To predict our future trend after the cold inflection we’ve just had, the land temps tell you where you are headed, the sea temps where you have been. And the frozen land tells us we’re headed for cold, and for several years as the oceans “catch up”.
The trend difference between CRU land/city temperatures vs. UAH land temperatures amounts to 0,103 K/decade of possibly UHI or siting related faulty warming trend 1980-2007 for land areas. Besides UHI, this extra heat in land/city/airport temperatures might also originate in warming adjustments.
Just for curiosity, what would the “NH ESTIMATE” from this writing look like if we assumed that UHI in general was around just 0,04K/decade? 0,04K/century applied before the UHI free satellite data began in 1980?
Example – If UHI = 0,04K/decade, corrected up to 1980 for the land contribution:
And he then gets a nice graph showing rather close agreement of the sets.

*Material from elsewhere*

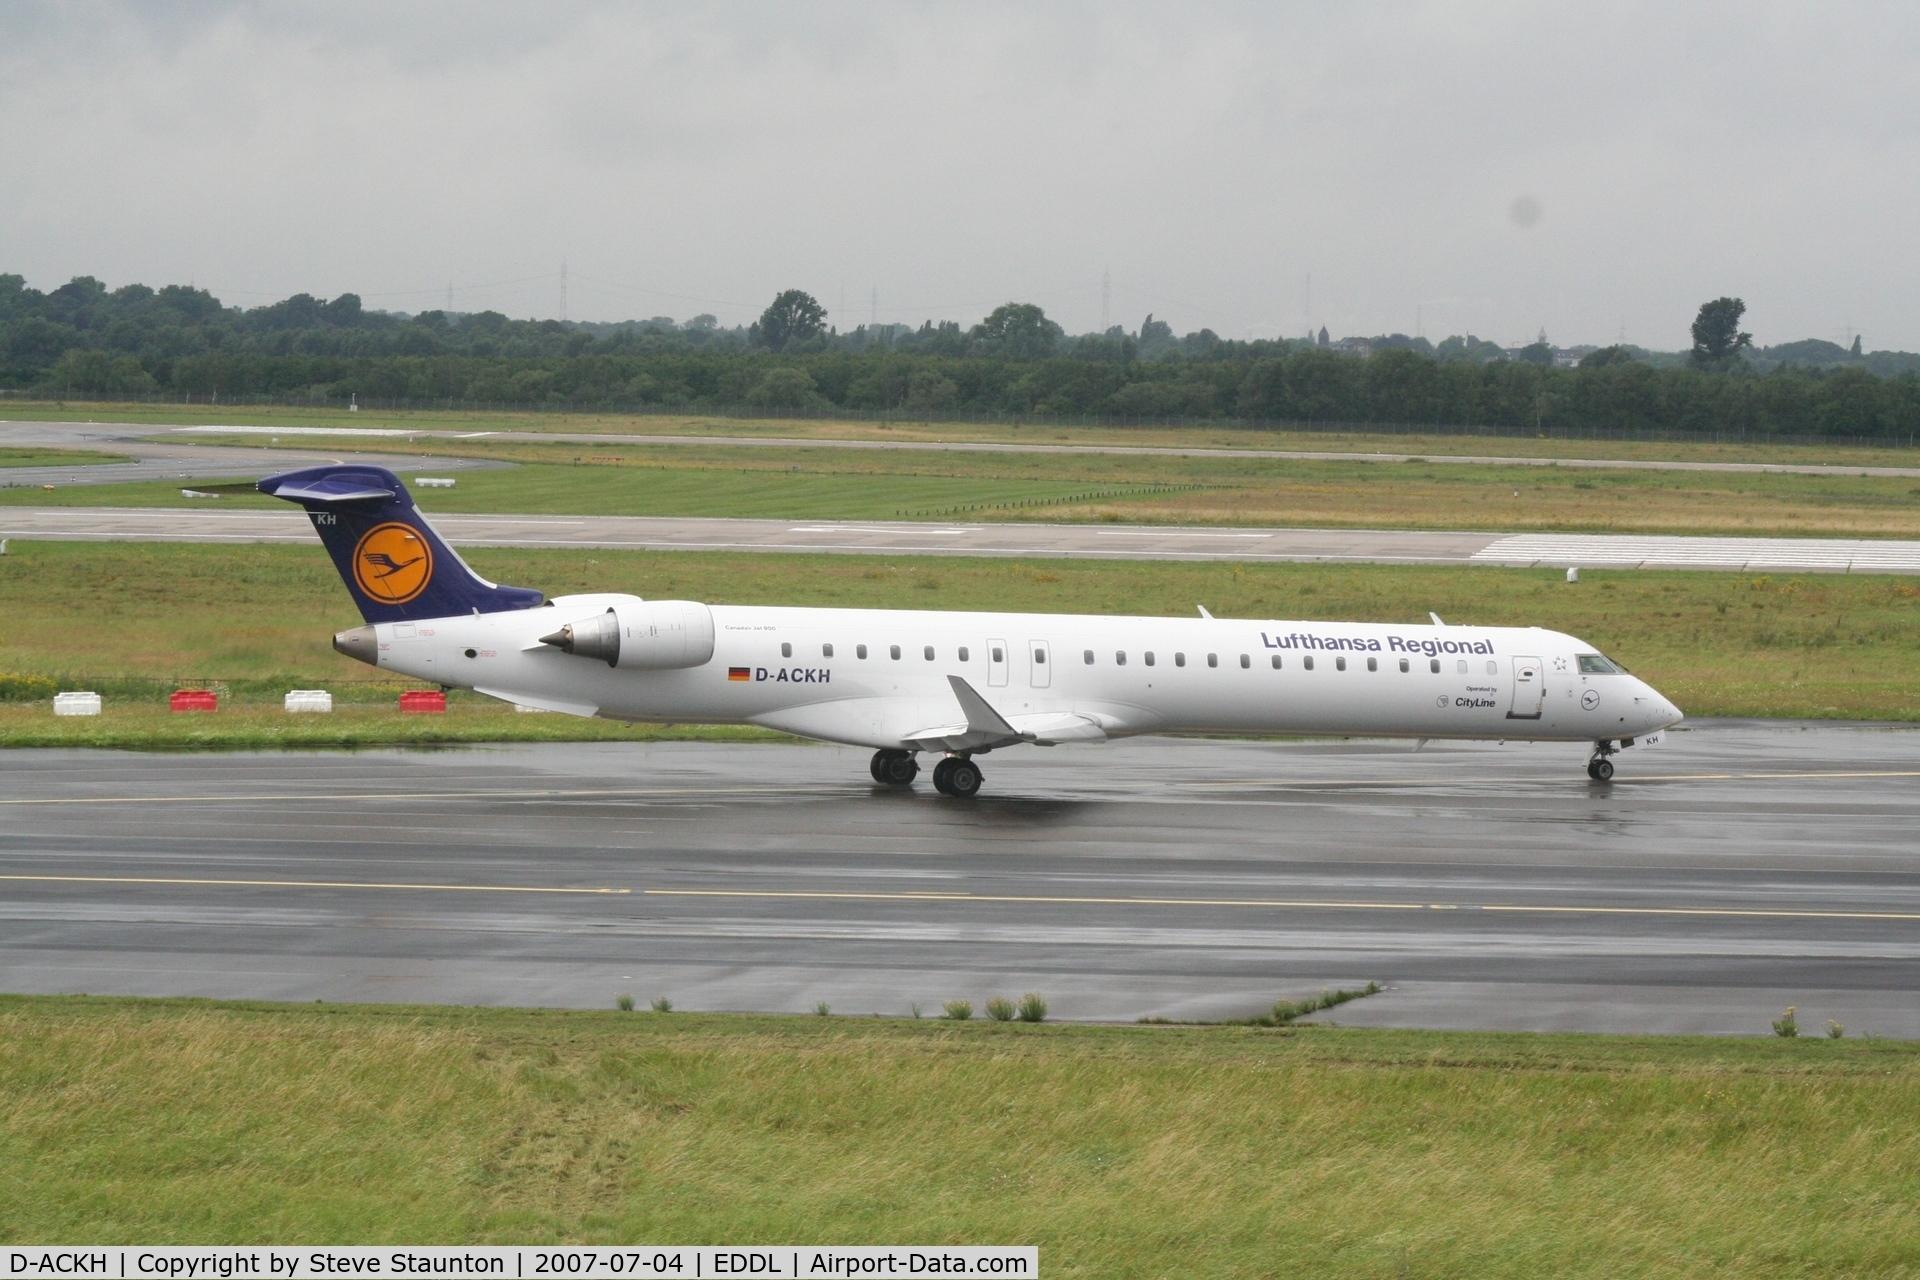 D-ACKH, 2006 Bombardier CRJ-900LR (CL-600-2D24) C/N 15085, Taken at Dusseldorf July 2007

Once again we see that “adjustments”, and UHI are the main things measured by the CRU crew.
The article goes on to lampoon GISS for the way they mis-estimate the percent of the globe that is land vs sea in their results (and an important point in the present GIStemp divergence as the land / sea timing differences bite, IMHO.)
There is then a very nice wrap up and conclusion section that reminds the reader of what has been said and ends with this note:
From here I need to go through SH and thus global data – I aim to have this ready in September 2010.
K.R. Frank Lansner
I’ve not had the time to find out if the SH is done yet, or still a work in progress. But given the care and detail in this work, it would not surprise me if Mr. Lansner took a bit of time to make sure he’d “got it right”.
In any case, I think Frank is well on his way to pointing the rest of us at just were and when the Rewritten Past has had an impact, and with some clues as to the hows and whys.
I suggest reading the article, problably a few times.